Now, the purpose of this post is not really to justify my political tendencies. I have already indicated that I am economically inclined to vote Tory. That is not to say that I am a hard-line Tory or rigidly right wing. Or even always vote Tory. I often evolve my views, I am regard myself as a Libertine in many ways, and being married to a teacher means that I do have views that do not necessarily lend themselves to the core beliefs of the blue party. However, these are points that can be expanded upon at another time. The point here is that from a economic standpoint, there seems to be a predilection for many celebrities to endorse a socialist standpoint which often seems at odds with the lifestyle or wealth that they have accumulated and I find it curious as to how they can justify this juxtaposition.

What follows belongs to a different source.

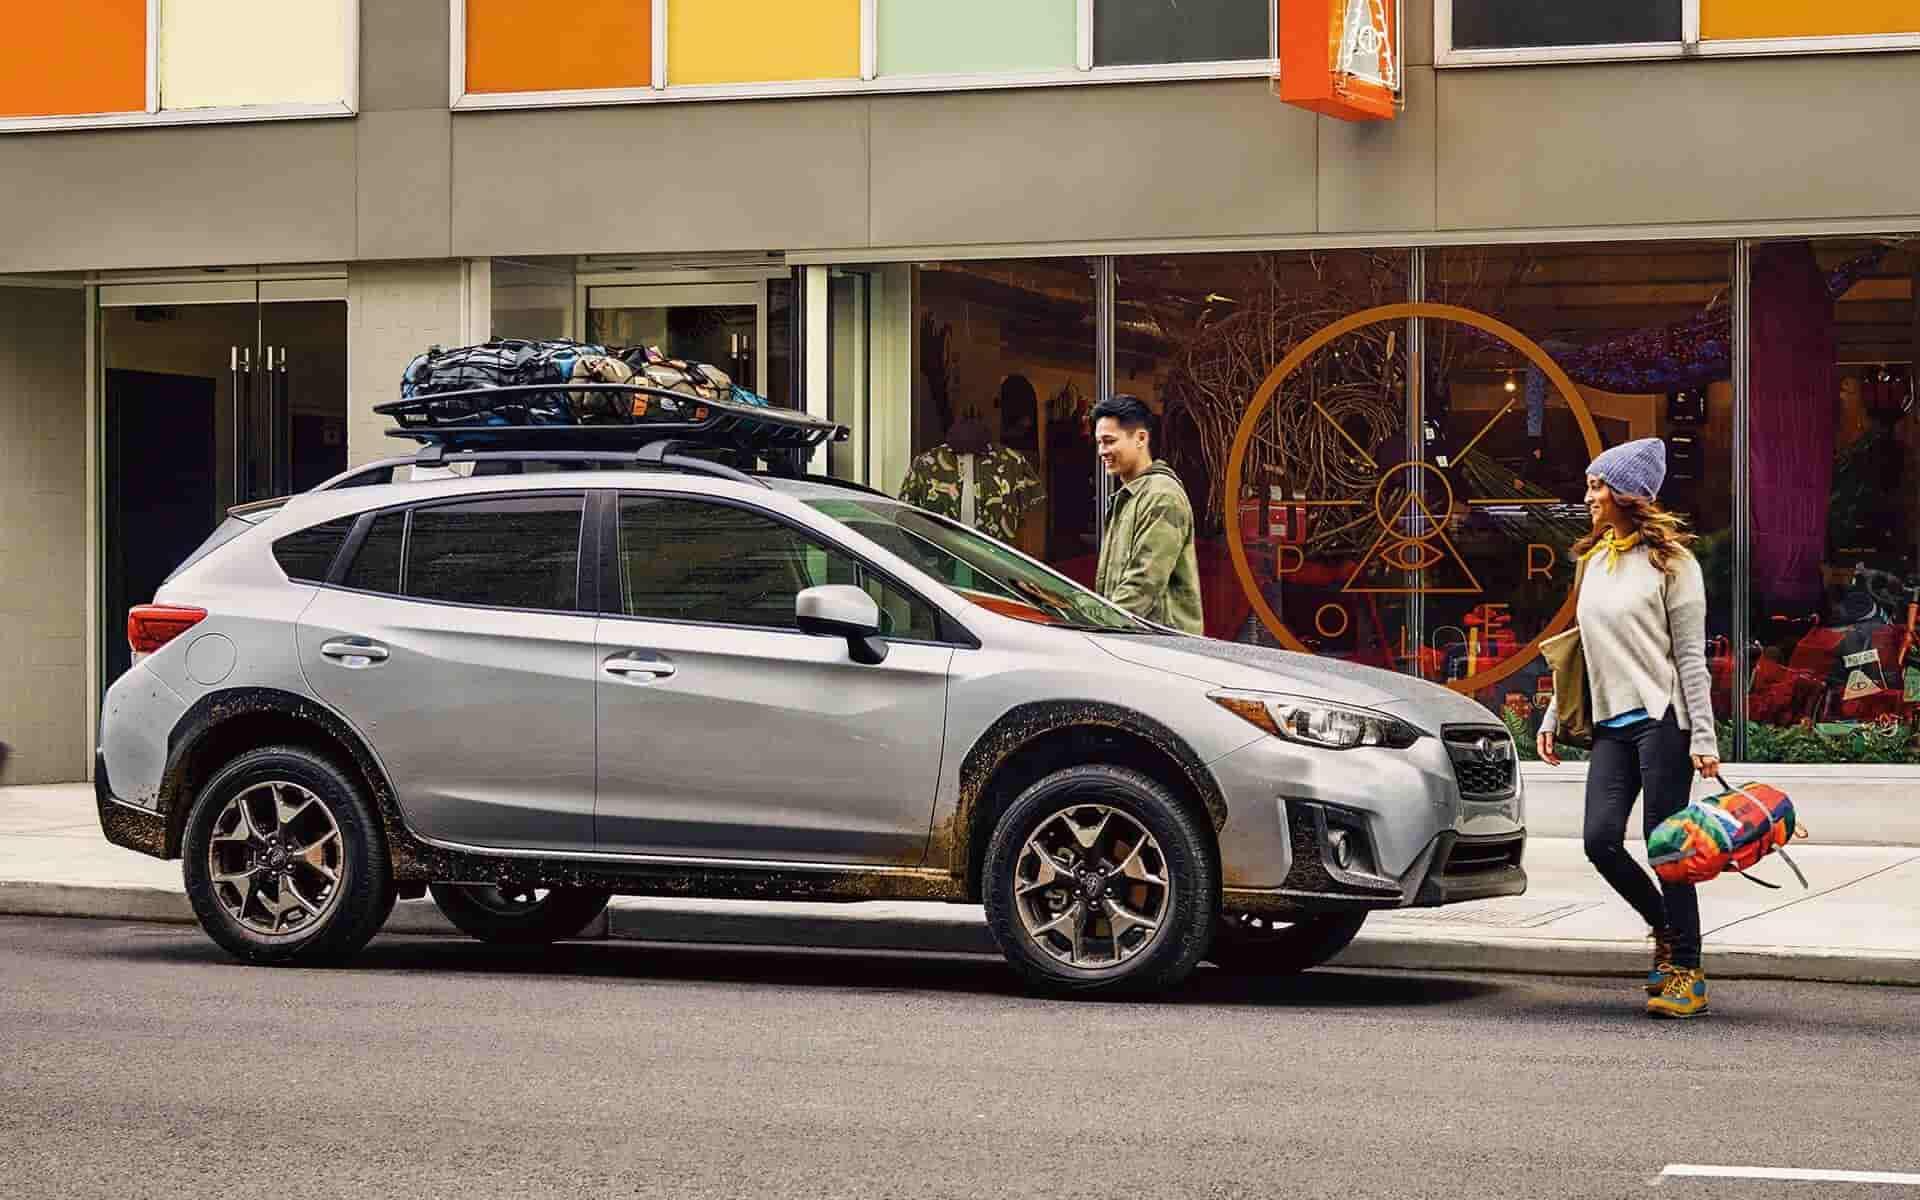 Explore the 2020 Subaru Crosstrek near Bingham Farms MI

The list is so exhaustive that I can cherry pick examples without too much effort, but the essence has remained for as long as time records. Go back to the sixties for instance and you’ll find actors of the caliber of Stanley Baker and Richard Burton being staunch socialists (the former being closely involved with Harold Wilson). Baker faced frequent criticism for being incredibly wealthy whilst maintaining a left-wing position on economics and sending his children to private school. He even considered moving abroad (he had a large villa in Spain) for tax avoidance but ultimately decided to remain as he would “miss Britain.” The gap between Baker’s beliefs and practice was clearly large and the same could be applied to Richard Burton, who did actually make an effort at articulating his thoughts on the matter. When it was put to him that there might be a slight contradiction in his views and the reality that he earned huge quantities of money for his roles in some of the blockbusters of the day, Burton replied, “unlike capitalists, I don’t exploit other people.” It was an interesting retort, but this comes down to the fact that he wanted a society in which everyone was equal in terms of pay unless they held a job by which they could claim not to have a hold over anyone else. And what could possibly constitute such a profession? Even the local plumber can money simply due to a lack of competition and therefore establish a monopoly with no barriers to his own pricing structure. Perhaps Burton should have spared a thought for his own profession and the fact that his vast earning power was at least in part down to the fact that people had to pay a set amount of money to see his films. I am of the view that he was a wonderfully talented actor with a supreme voice, but that it a subjective view and most people would at least consider him fortunate to have been able to succeed in a highly desirable and competitive profession (especially given his lack of professionalism and alcoholism). How dare he criticism anyone else for taking the opportunities that exist within the framework of society in order to pay the bills and provide for their children? Especially given that they are the people who are essentially paying his wages.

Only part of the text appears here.